MINNEAPOLIS — "Say 'black!'" a member of the audience shouted at Bernie Sanders at a forum Friday as he tried to answer a question about reparations for slavery.
Sanders, who had just uttered the phrase "African American," looked frustrated.
"I said 'black' 50 times!" Sanders shouted into his microphone. "That's the 51st time."
The Black America Forum, hosted by Neighborhoods Organizing for Change, was billed by organizers as "a historic opportunity for communities that are usually overlooked on the campaign trail to have a conversation with a presidential candidate." The venue was not the Bern-feeling rally common to the Sanders campaign.
Minnesota Rep. Keith Ellison introduced Sanders, who gave a shortened version of his stump speech and then sat at a table with six local black activists and residents of the North Minneapolis neighborhood.
Native Americans in the audience, including famed American Indian Movement co-founder Clyde Bellecourt, took the floor to talk about native issues and economic problems.
Sanders was then pressed several times on the issue of reparations, specifically for black Americans and for slavery. Sanders' opposition to reparations raised a furor after Atlantic writer Ta-Nehisi Coates slammed him for it in print earlier this year. (Coates said he'll vote for Sanders earlier this week.)
Sanders addressed the issue directly after a woman rose and accused him of being "afraid to say the word 'black.'" The topic was Flint, Michigan, both Sanders and the questioner shared the view that poorer communities across the country face higher pollution rates.
"Every time we talk about black people, and us getting something for the systematic oppression and exploitation of our people we have to include every other person of color," she said. "Can you please talk about specifically black people and reparations?"
The woman said her son suffers from asthma and other illnesses because her home is near a location where garbage is regularly burned. She said black Americans deserve a special restitution for slavery and its after effects.
Sanders fell back to his general take that economic inequality unites lower-income people.
"You and I may disagree about this. This is not just black, it is Latino and there are areas in America, more rural areas where it's white," he said. "I believe that in a country which has more income and wealth inequality than any other country, the time is long overdue to start investing in poor [communities.]"

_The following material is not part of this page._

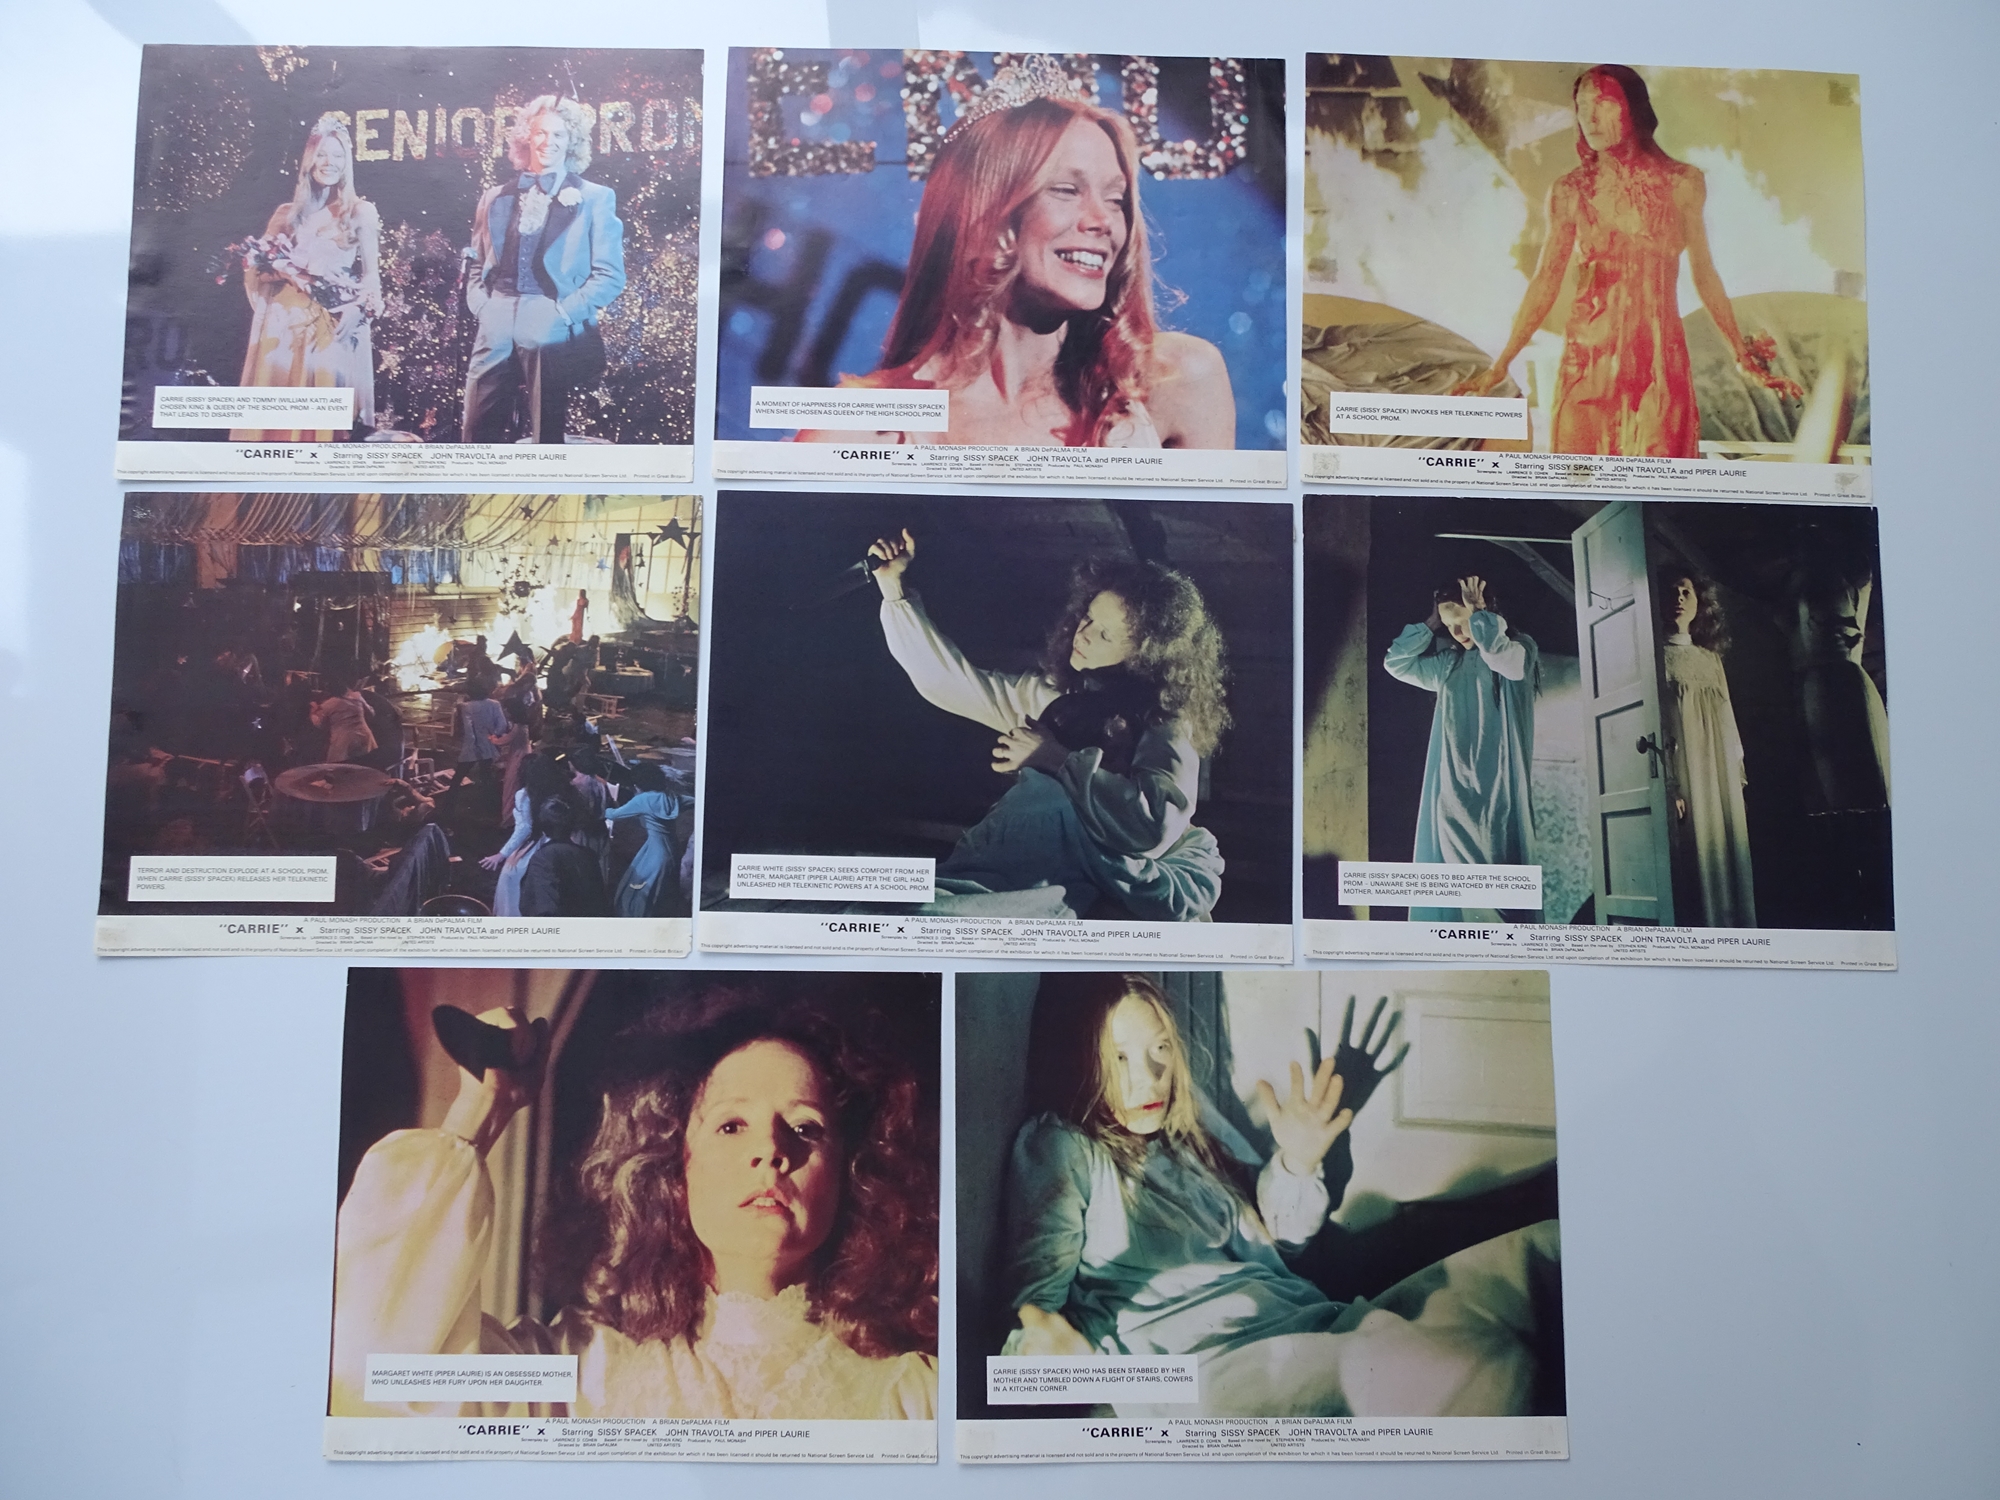 CARRIE (1976) - UK Quad together with a UK Front of House Set and a US One Sheet Movie Poster (3) - Image 3 of 3

"What I believe we should do is invest most heavily in those communities most in need," Sanders continued. "And when you have 35% of black children living in poverty, when you have half of the kids in this country in public schools on free and reduced lunches, when youth unemployment in the African American community is 51%, those are exactly the kinds of communities that you invest in."
The line got sustained applause from the audience.
Anthony Newby, executive director of Neighborhoods Organizing for Change — which sponsored the event — told BuzzFeed News afterward that the tone of the forum reflected a fear in the black community that government largess promised by candidates like Sanders will never make it to the black community.
If Sanders wants to convince black people he understands their frustrations, Newby said, he has to talk about how his plans will specifically put money into black communities — not reparations per se, but something close.
"He has not shied away from talking about race generally," Newby said. "But unless there's a deliberate strategy [to invest in black communities,] it simply won't happen."
"We didn't get to that tonight," Newby said. "But the campaign trail is long."